What Sontag hits upon during these three chapters is the way TB became associated with certain affections of the creative soul (passion, expression, depth of feeling) and the look of the aristocracy (the gauntness of a tubercular influenced fashion in the 19th century and remains a visual pillar today). When the disease is linked with emotions, images, and affects rather than its symptoms or treatments, the primary social association becomes corrupted. That is to say, using metaphors to discuss illness presents a fogged view of the victim while also obscuring the direct line from causation to treatment. The disease’s cause and logic are subsumed by the metaphors—instead of looking to science or medicine for understanding, the notions of who the diseases target are related to literary and religious notions of shame, repression, and punishment.
As society progressed, its understanding and perceptions of disease and victimhood regressed. In place of the poetic soul stricken with TB, now someone who has bottled up their emotions and passions is seen to have brought the disease upon themselves. The cancer victim is, unlike the tubercular, not an image that is co-opted by the fashion community or the aristocracy. Rather, the cancer sufferer is seen to have brought the disease upon themselves either through moral or social failures, a lack of expression, or detached debauchery.
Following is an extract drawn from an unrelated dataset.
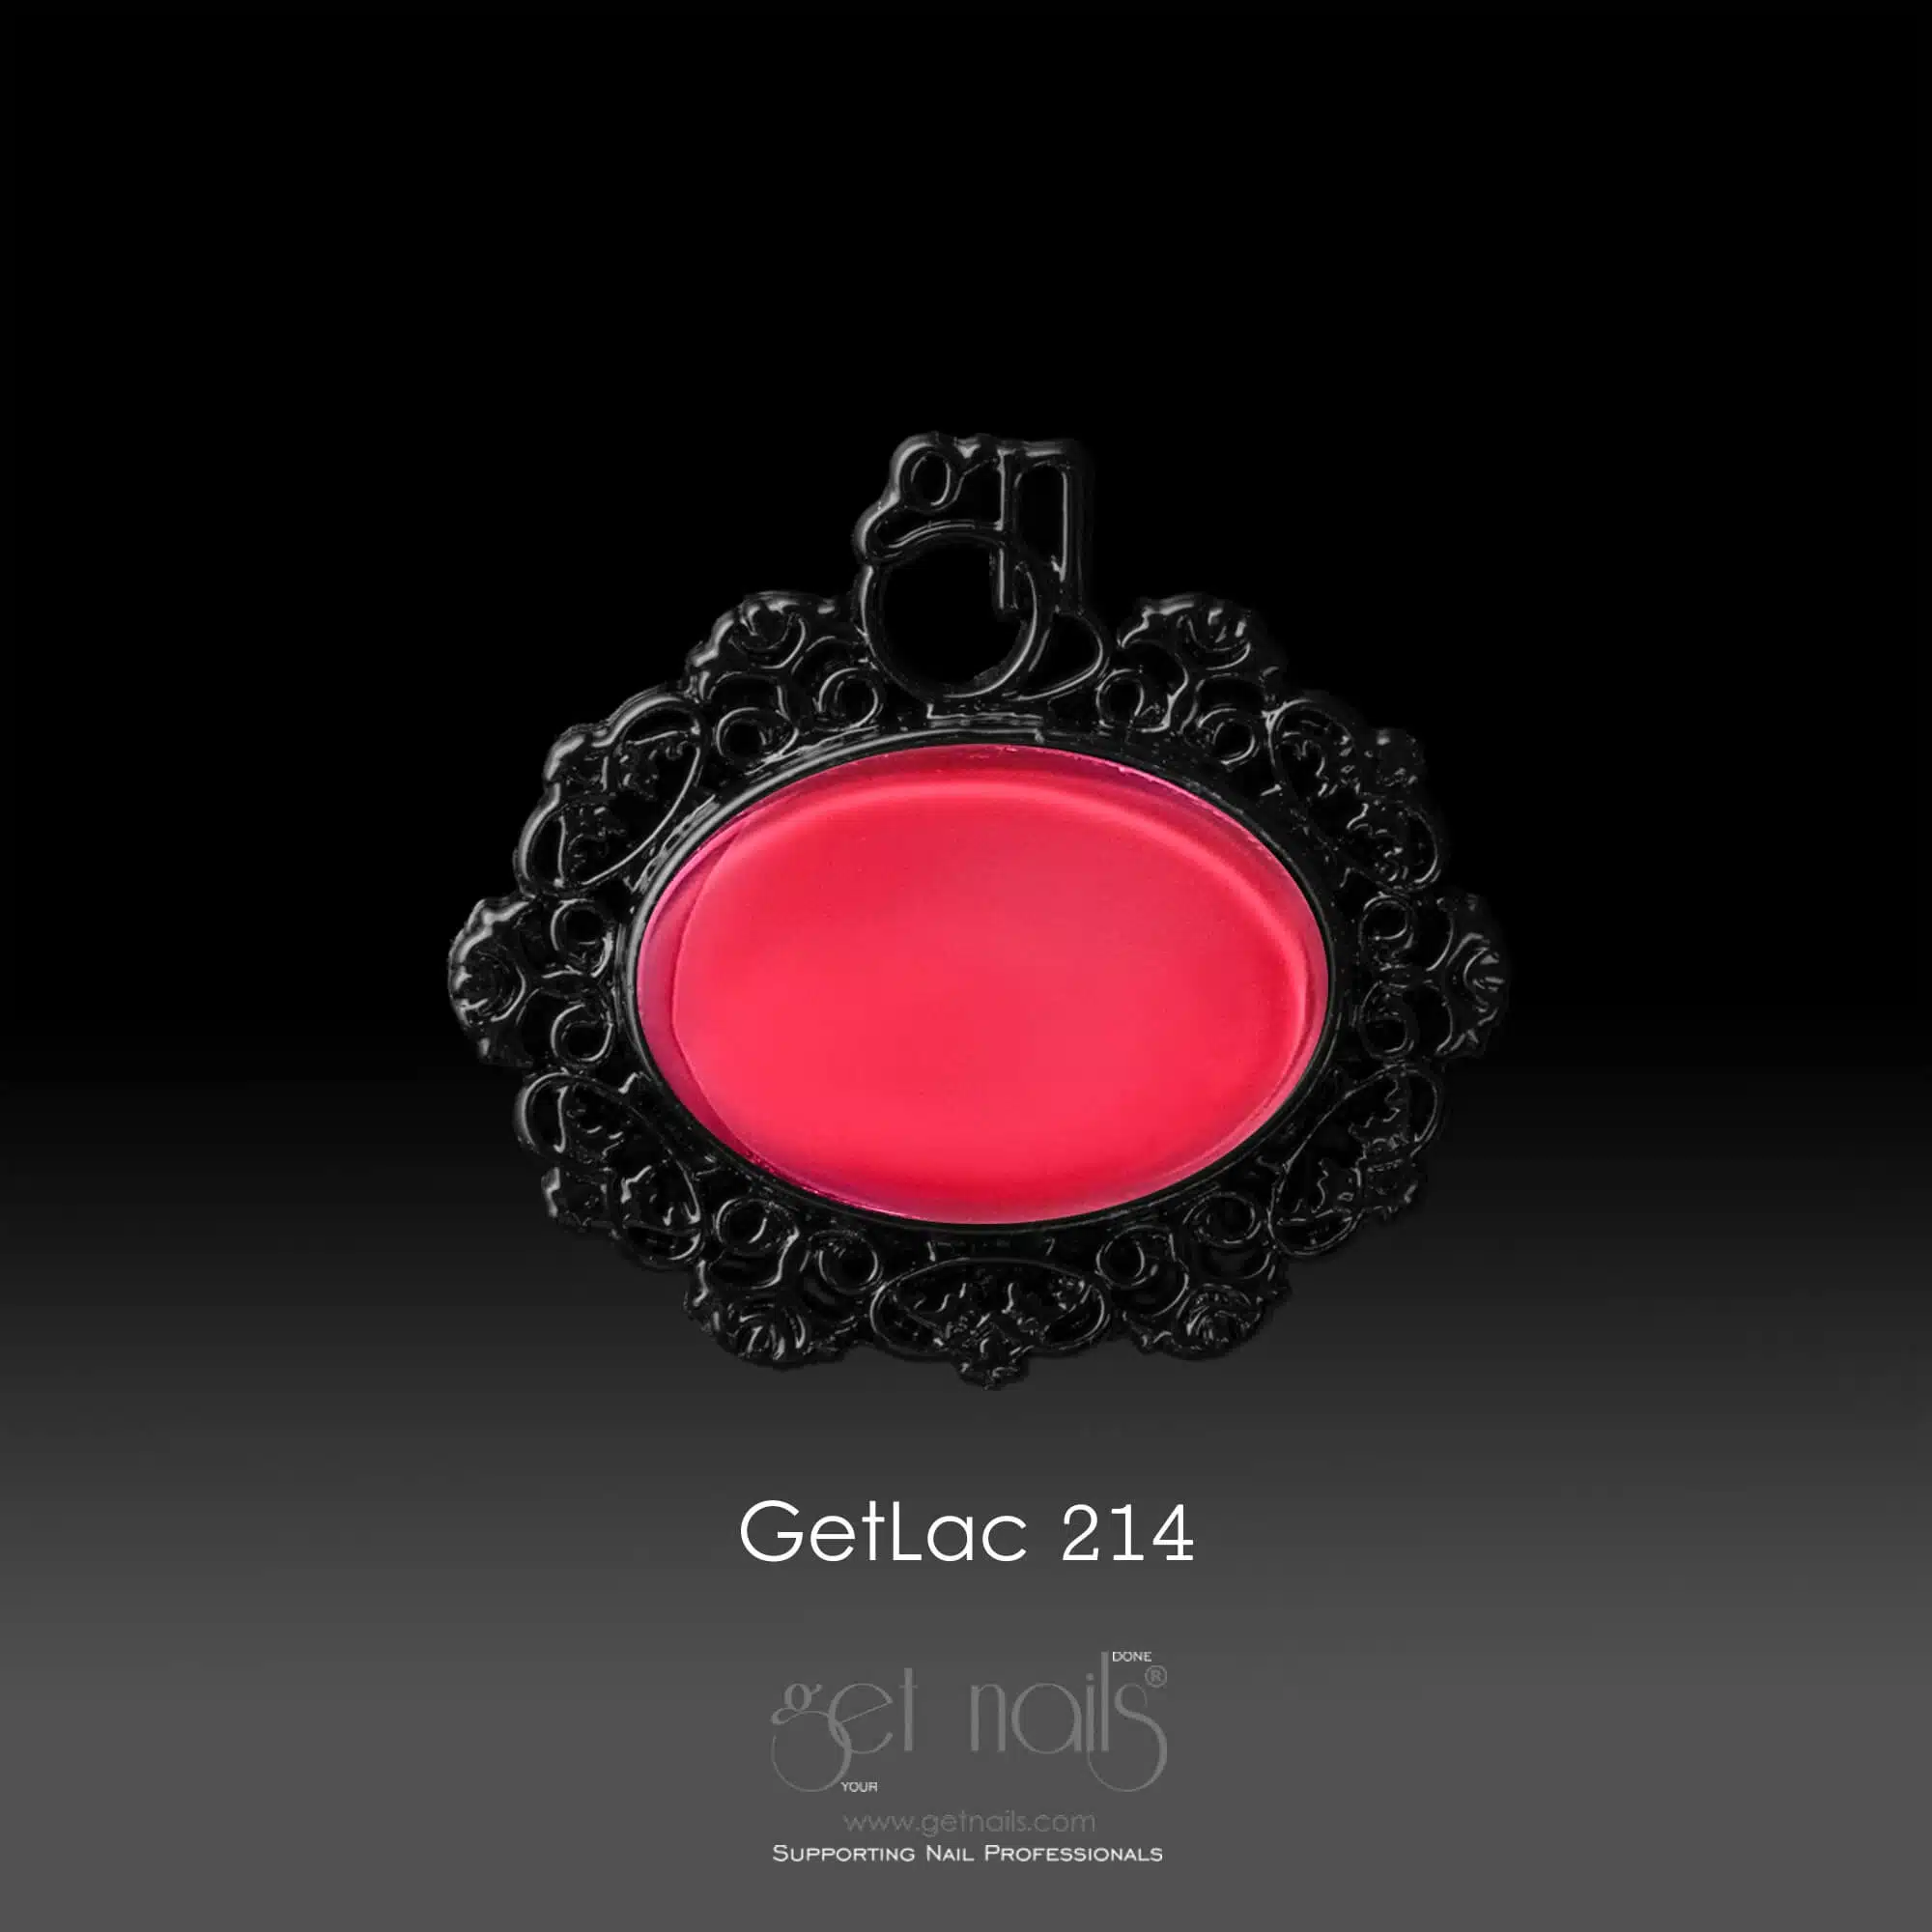 Get Nails Austria - GetLac 214 15 g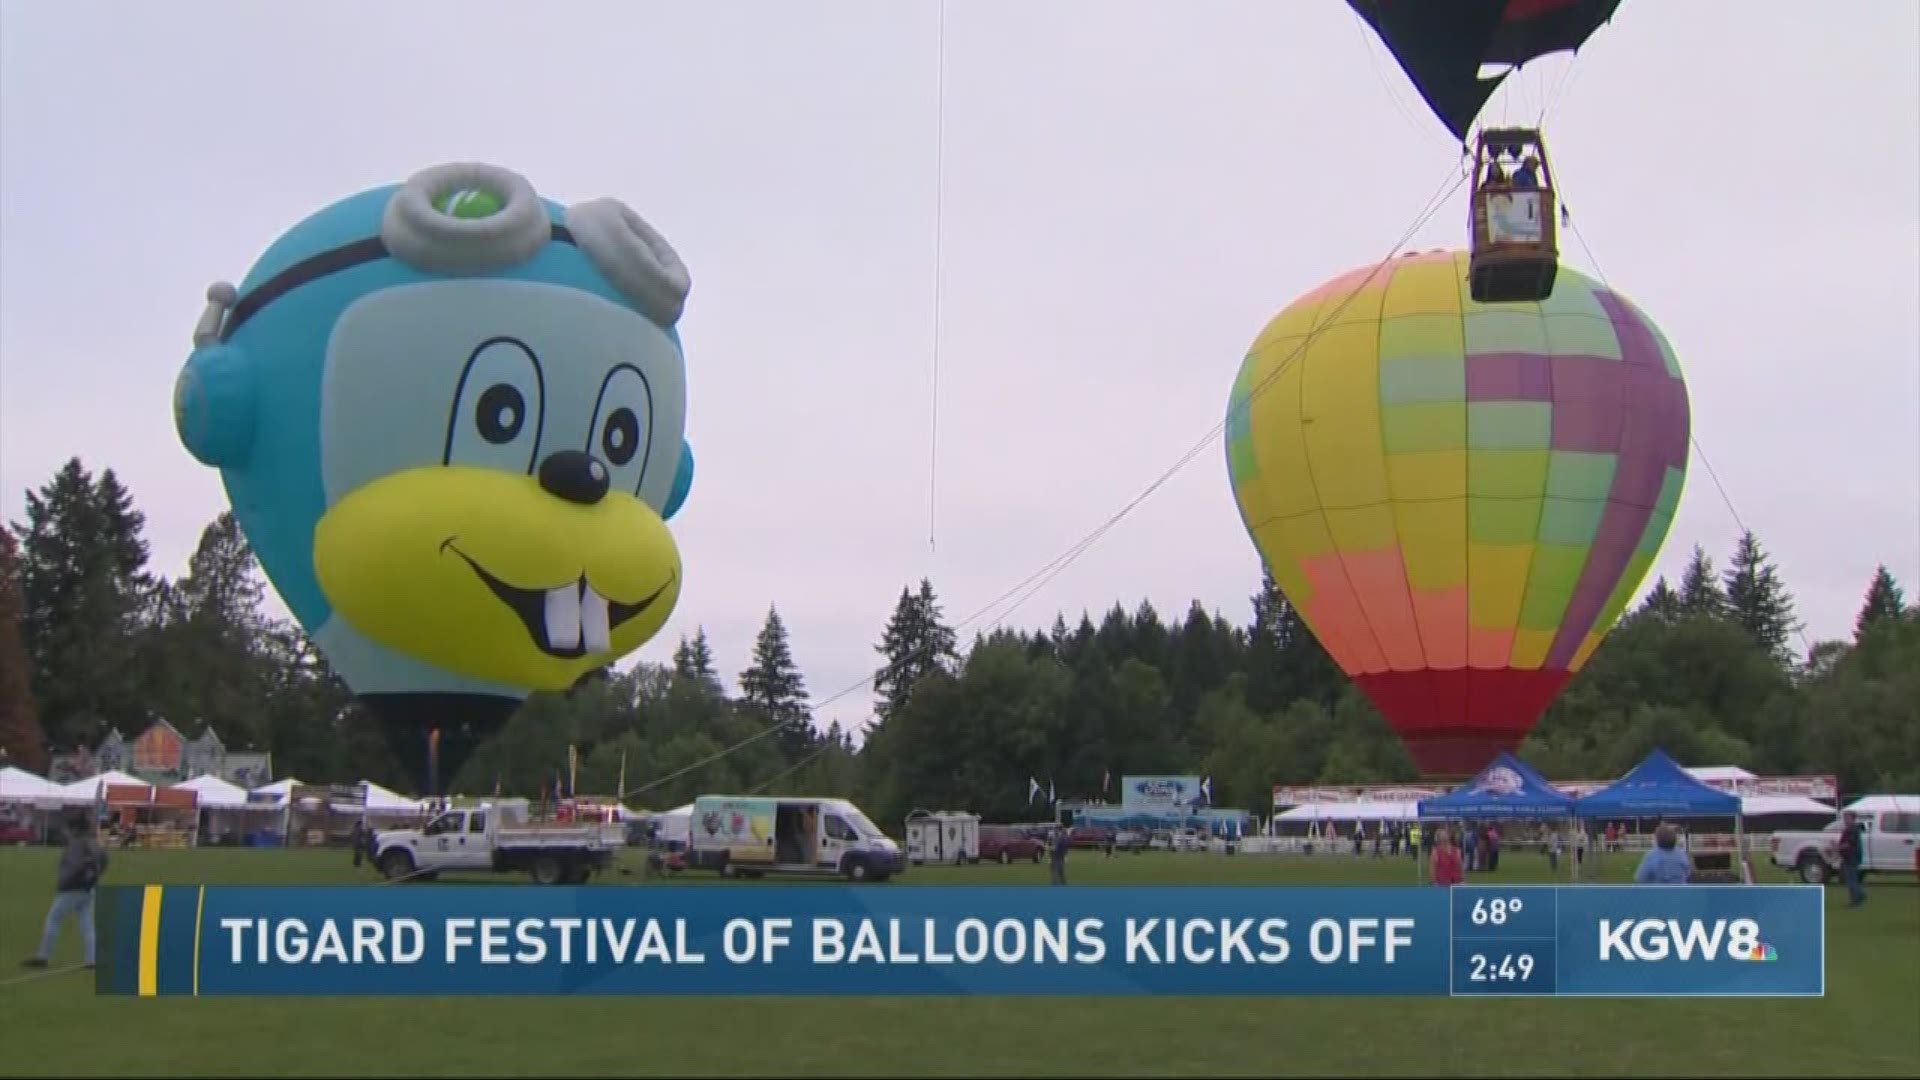 Tigard Festival of Balloons Kicks Off

It is the metaphor that has entangled all these misconceptions and misnomers about disease and sickness in Sontag’s view. When the image of sickness is used to describe the passions, repressions, or degenerations of things (think of Kant’s notion that passion is a cancer to logical reason), the perception of cancer becomes unified with its usage as a metaphor. A metaphorical use of cancer, a cancerous idea for example, is a shameful and harmful thing that often kills or metastasizes to other ideas it is associated with. For Sontag, these associations blot out our definitions and ideas about real medical cancer or sickness, often in a way that is harmful to the sufferer, who, because of this false association, often blames their moral failings and thus seeks the wrong treatment for the sickness.